Хряпов только головой покачал, укоризненно почмокал и направился к златоглавой церкви.

Бросив подушку на луговину возле могилы с черным крестом, он до глаз накрылся одеялом и сразу уснул. Долго ли проспал — не знает. Только чует — то ли во сне, то ли наяву, — будто телега скрипит, лошади всхрапывают: «Эй! А ну-ка сюда с крючьями…» Вдруг нечто тяжелое и острое вонзилось в его плечо, и мясника поволокли.

— Караул, караул! — спросонок закричал он и, едва продрав глаза, вскочил.

— Кто ты таков? — вопросил его всадник, офицер. А двое крючников бросили веревки и отцепили от суконной разодранной чуйки Хряпова железную кошку.

— Я приезжий из Питера купец, — сказал Хряпов.

— Почему ж ты, раз не очумел и жив, валяешься на земле, как падаль? Документ!

Хряпов подал паспорт. Офицеру поднесли фонарь. Проверив паспорт, он вернул его купцу, слез с лошади, уселся на могилу. Телега, поскрипев, остановилась возле ворот ограды.

— Сколько? — устало спросил офицер и закурил от фонарного огарка трубку.

— Тринадцать было. А четырнадцатого взяли под забором сейчас на пустыре, — ответили еще трое подошедших от телеги и тоже уселись на лужок.

— Подальше, подальше! — прогнал их офицер.

Санитары, называемые «полицейскими погонщиками», пересели.

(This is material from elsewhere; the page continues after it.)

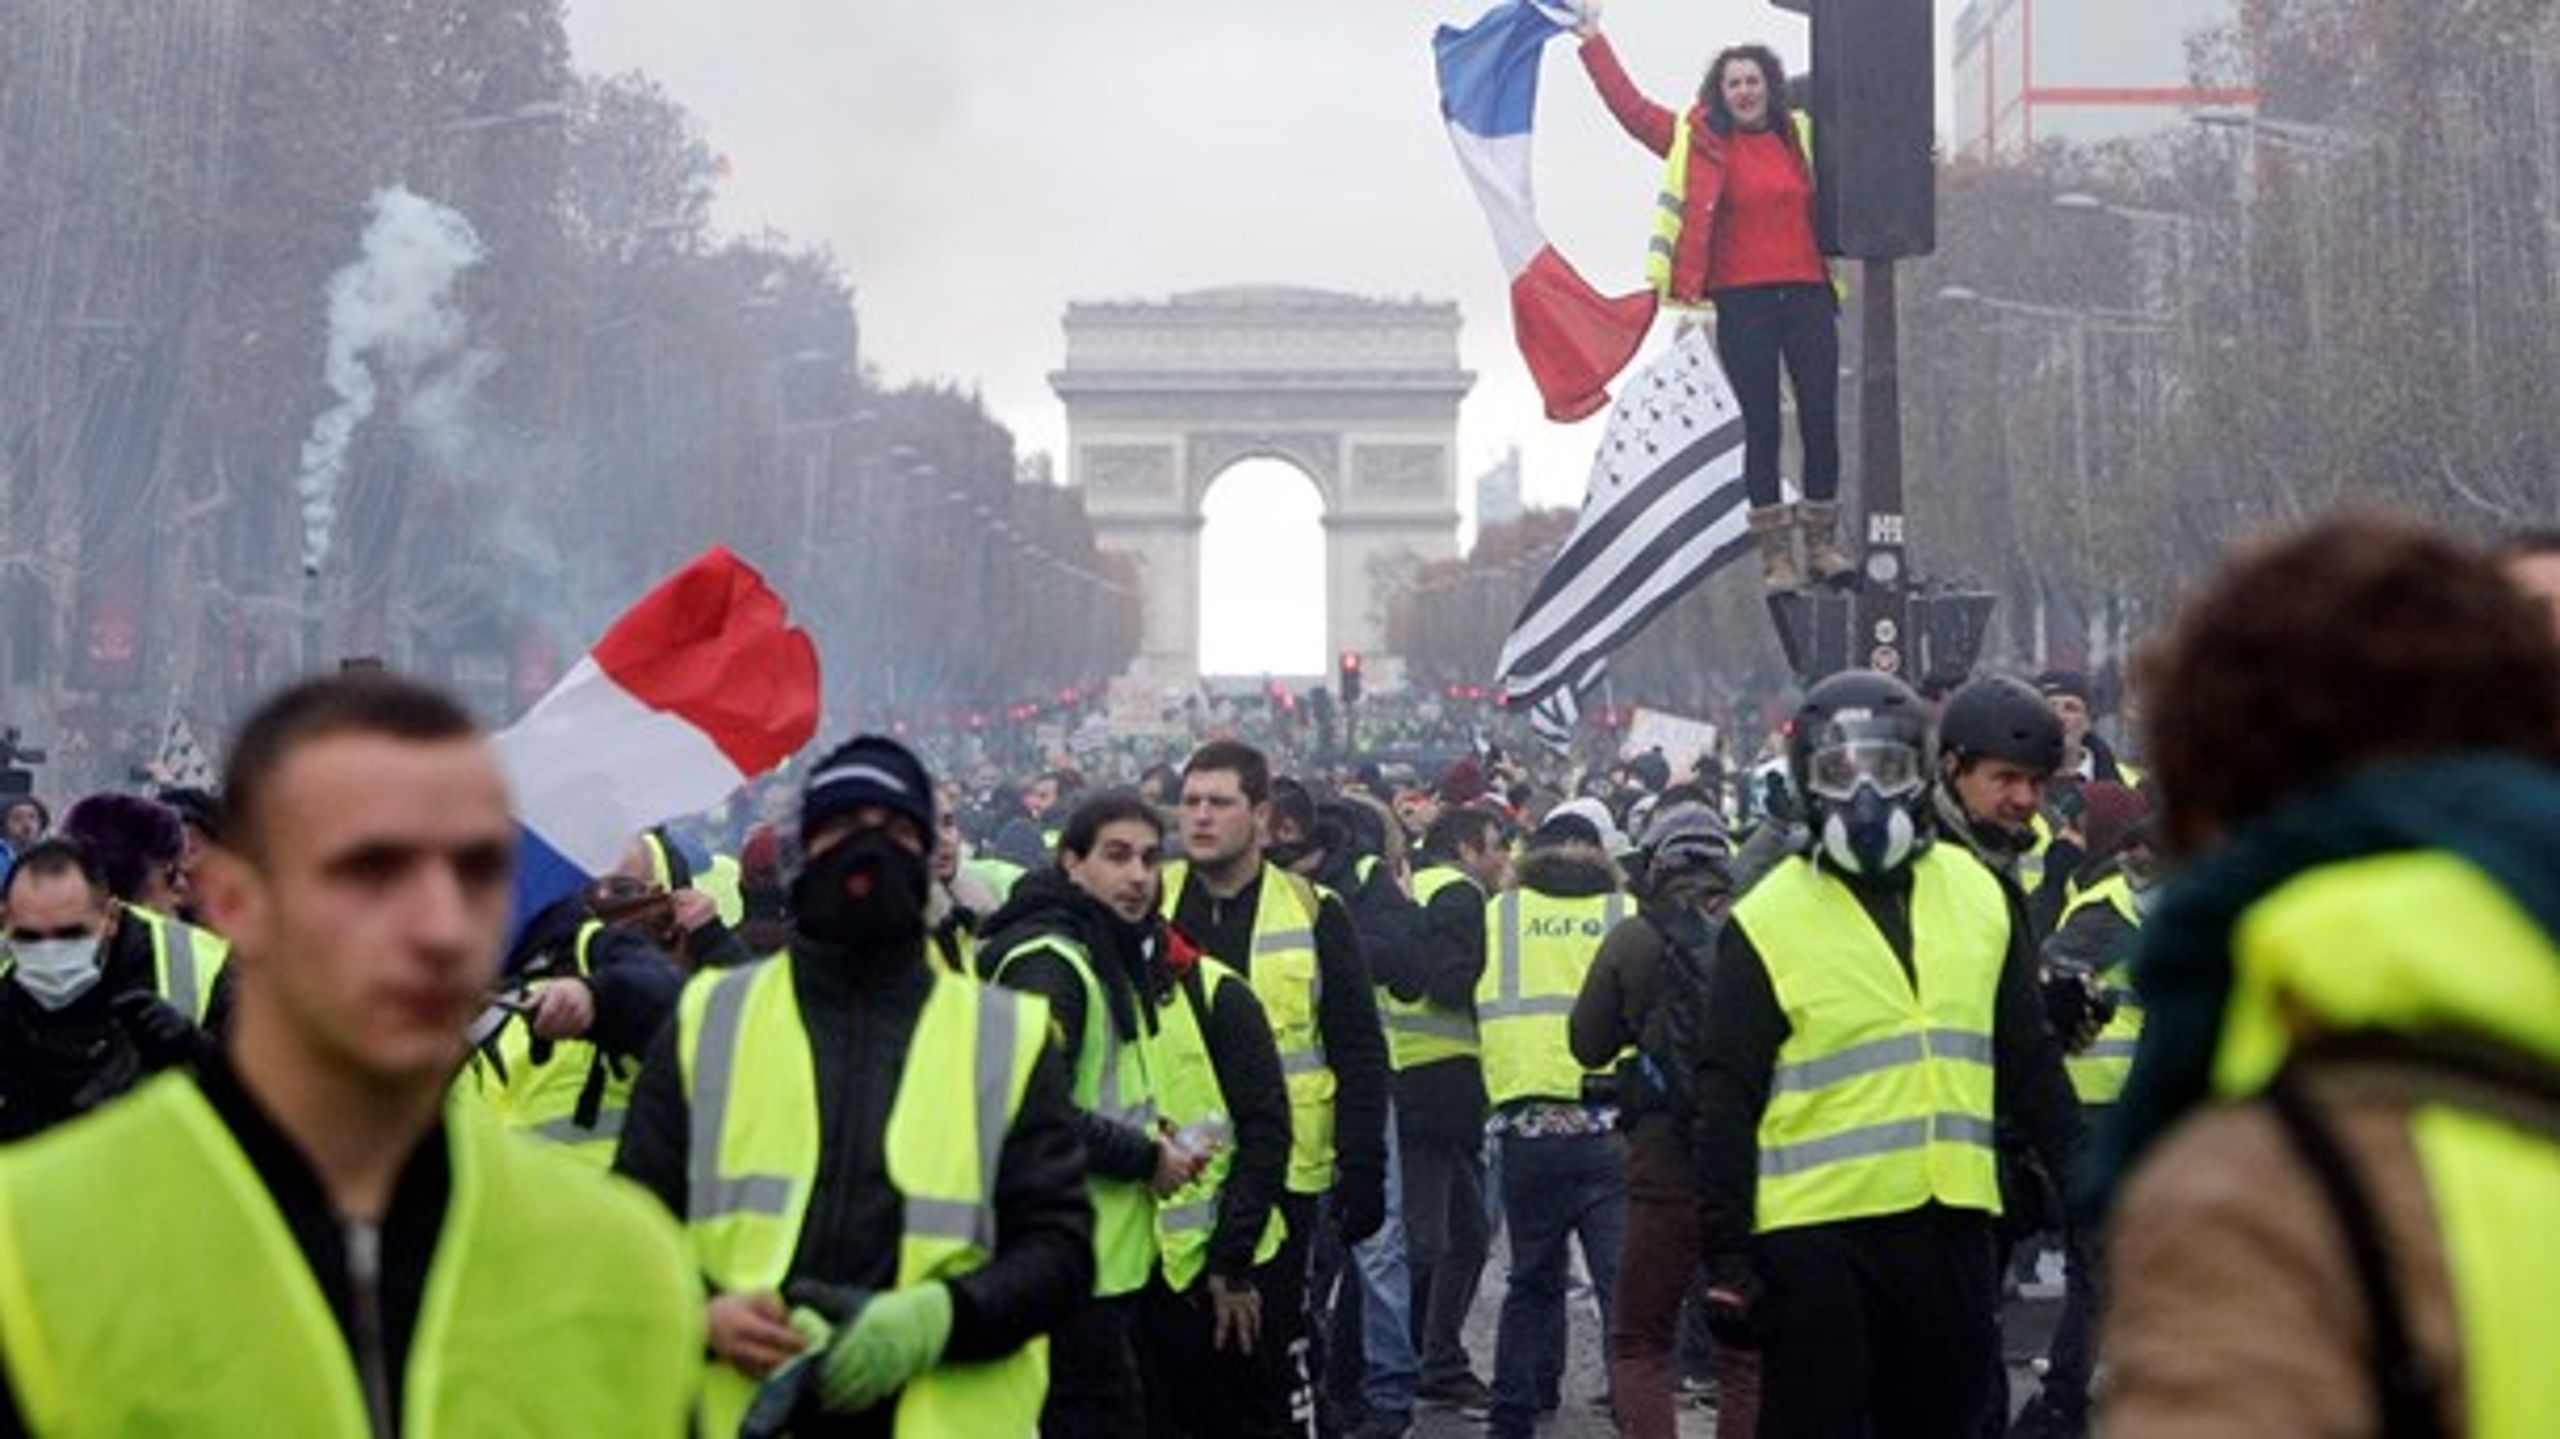 Franskmænd demonstrerer mod Macrons bebudede afgiftsstigning på benzin som et led i kampen mod klimaforandringer.&nbsp;

Все они одеты в вощаные[53] архалуки, в длинные вощаные рукавицы, на головы надвинуты пропитанные дегтем мешки с дырками для глаз и носа.

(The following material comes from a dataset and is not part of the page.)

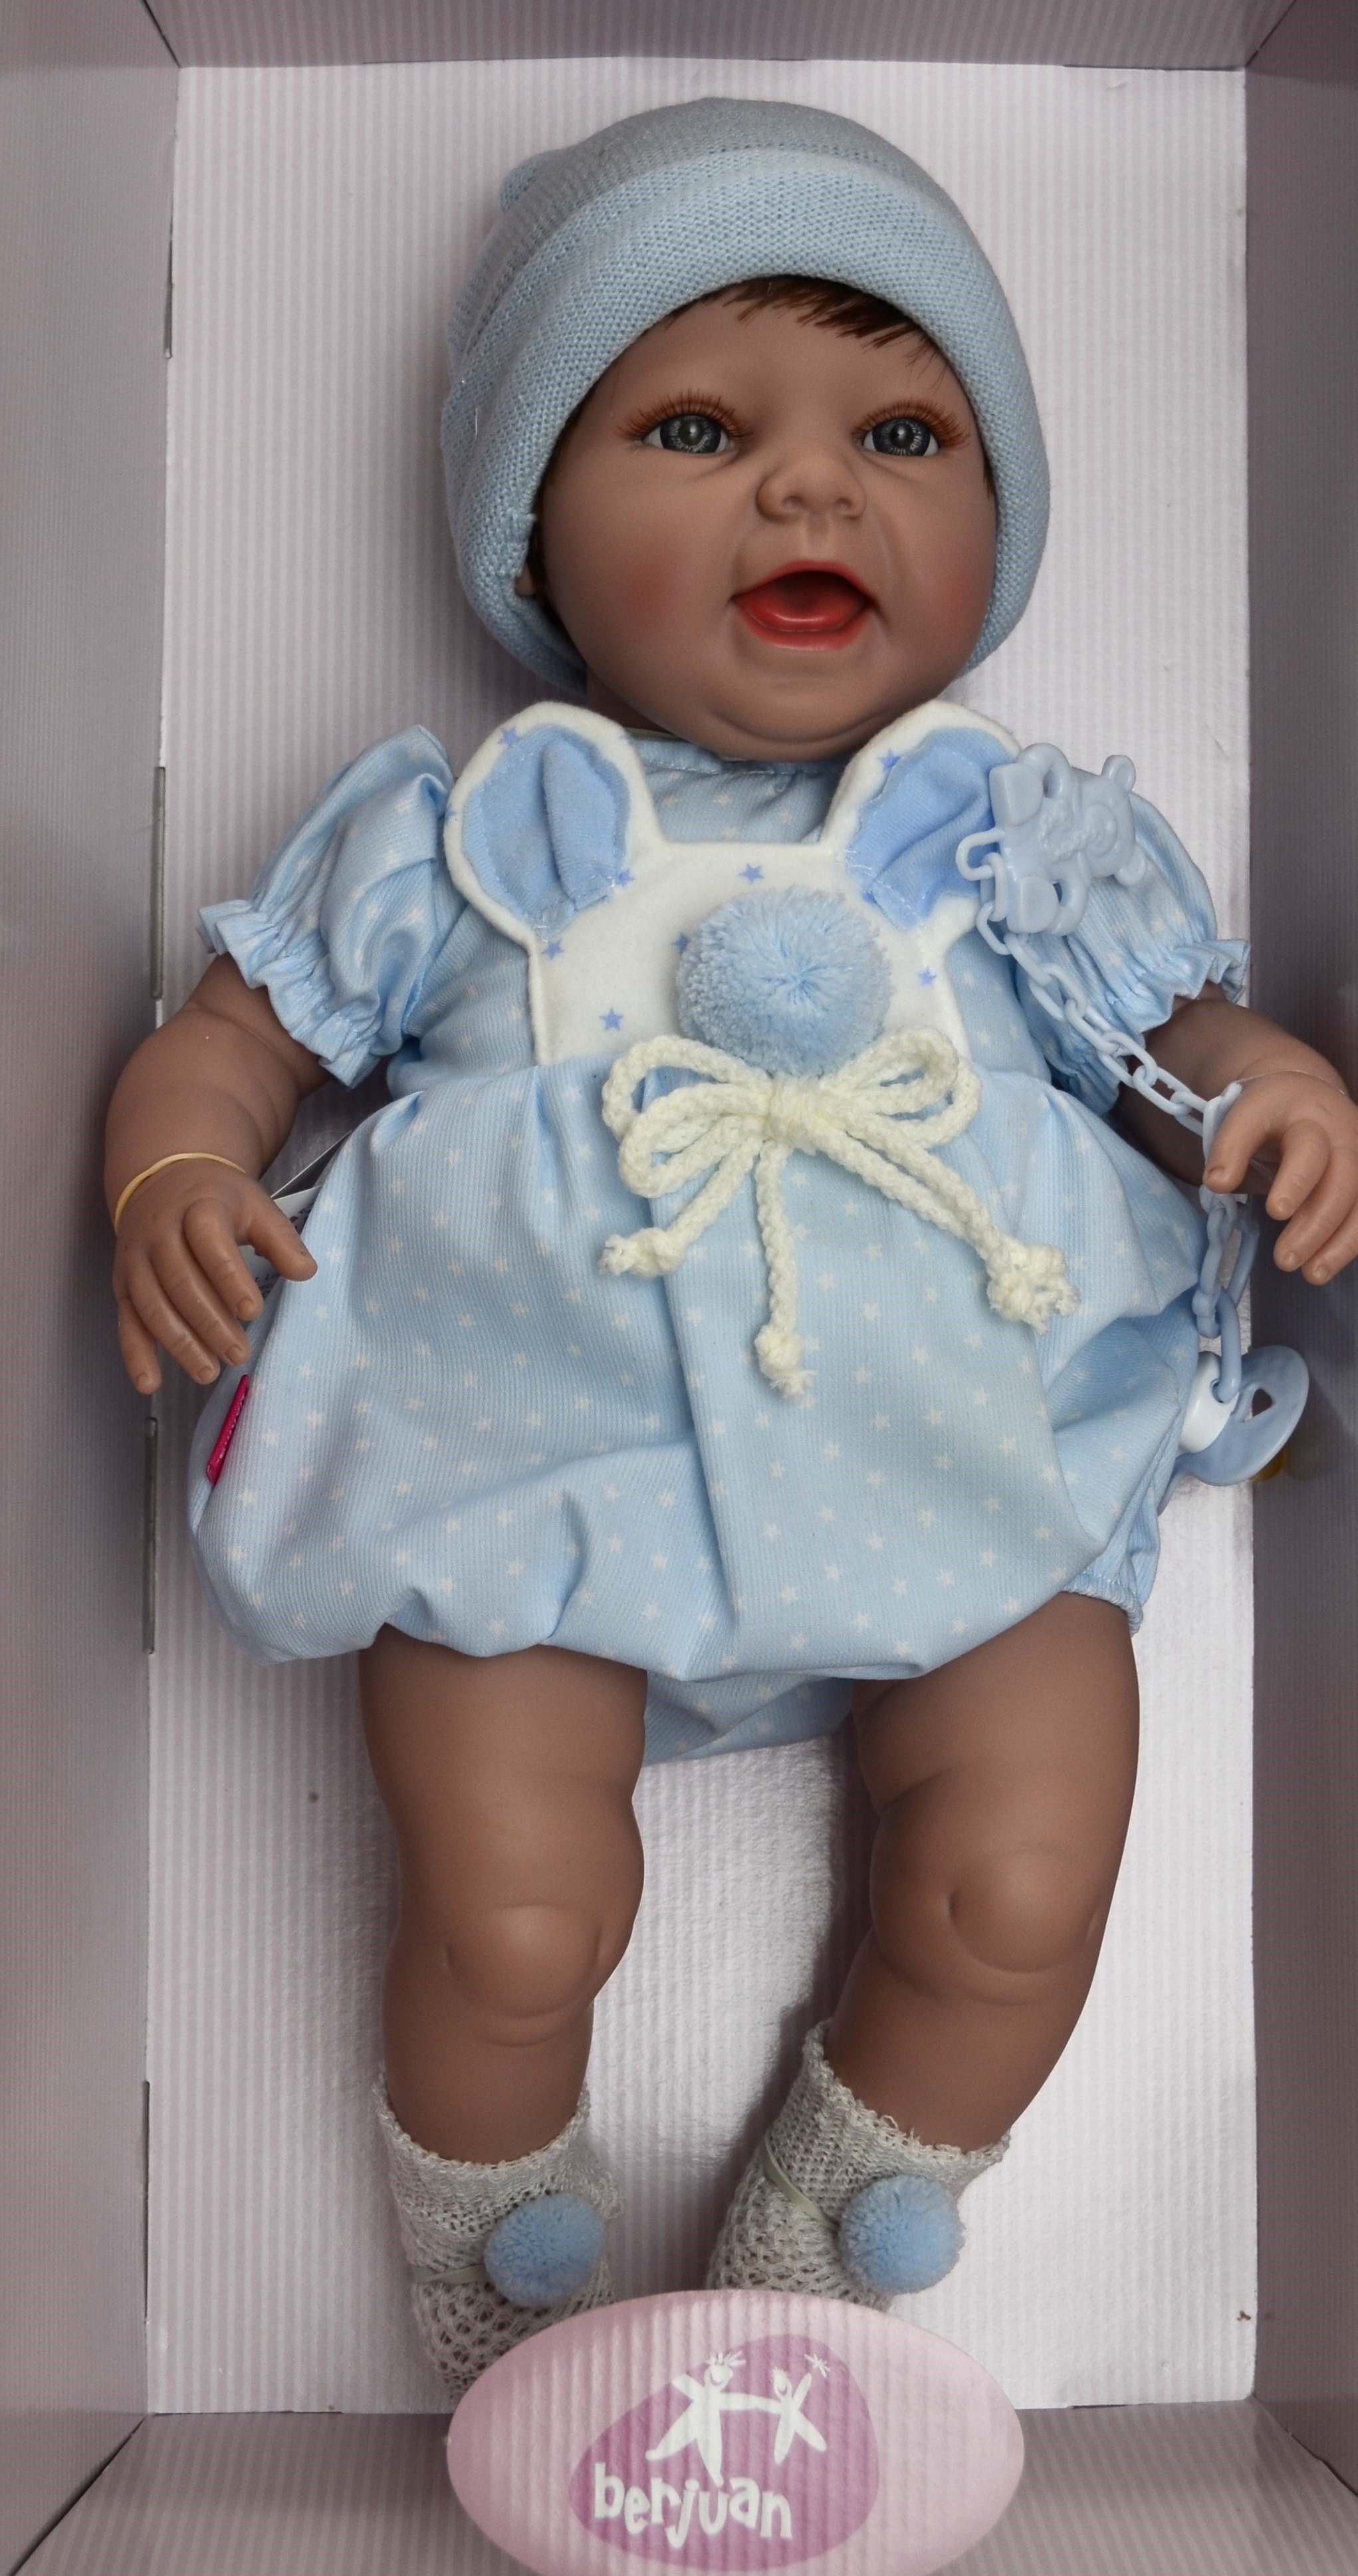 Realistická panenka chlapeček Čenda od f. Berjuan ze Španělska

— Сколько голышей? — спросил офицер и взял в рот какую-то целебную жвачку.

— Восьмеро, с девятого только сапоги сняты.

— Скоты, ворье… Расстреливать на месте надо, — буркнул офицер и добавил: — Можно, ребята, к яме везти, закапывать.

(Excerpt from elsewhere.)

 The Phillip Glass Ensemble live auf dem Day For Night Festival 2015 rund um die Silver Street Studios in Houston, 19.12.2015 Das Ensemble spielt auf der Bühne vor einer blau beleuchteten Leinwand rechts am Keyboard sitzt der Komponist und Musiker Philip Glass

— А вот маленько отдохнем, ваше благородие, дюже уставши. Покурим вот. С вечера не куривши.

Они стащили маски и рукавицы, стали закуривать от фонаря.

— А ты чего не куришь? — спросил мясника сухощекий бородатый погонщик. — Курить — от чумы пользительно, толкуют.

— Я чумы не больно-то боюсь. Меня и без табаку не возьмет. Глянь, какой я икряный… — сказал мясник, поглаживая толстое брюхо.

— Икряный? — ухмыльнулся бородач. — Мы таких, как ты, икряных-то, поди, тысяч с двадцать закопали…

— Двадцать ты-ы-сяч?! — изумленно протянул мясник и перекрестился, страх напал. — Ваше благородие, да неужто эстолько народу мрет?

Не ответив, офицер скомандовал: «Поехали!» — и вскочил в седло.

Мясника кидало в сон. Он вновь прилег между могил и укрылся с головой. Скрип телеги смолк за поворотом. Где-то вдали, нарушая тишину, прозвучал набат, протряслись два бегучих голоса: «Пожар, пожар за Москвой-рекой!» Но Хряпова набат не напугал, его напугало другое.

Едва он успел забыться, как слышит сквозь сон, будто землю возле него роют и швыряют лопатами и какие-то люди шепчутся, что-то волокут, кряхтя, что-то поставили на землю, вот завсхлипывала, застонала женщина, и вслед за тем мужской сдавленный голос: «Маменька, вы погубите нас… Да молчите же!»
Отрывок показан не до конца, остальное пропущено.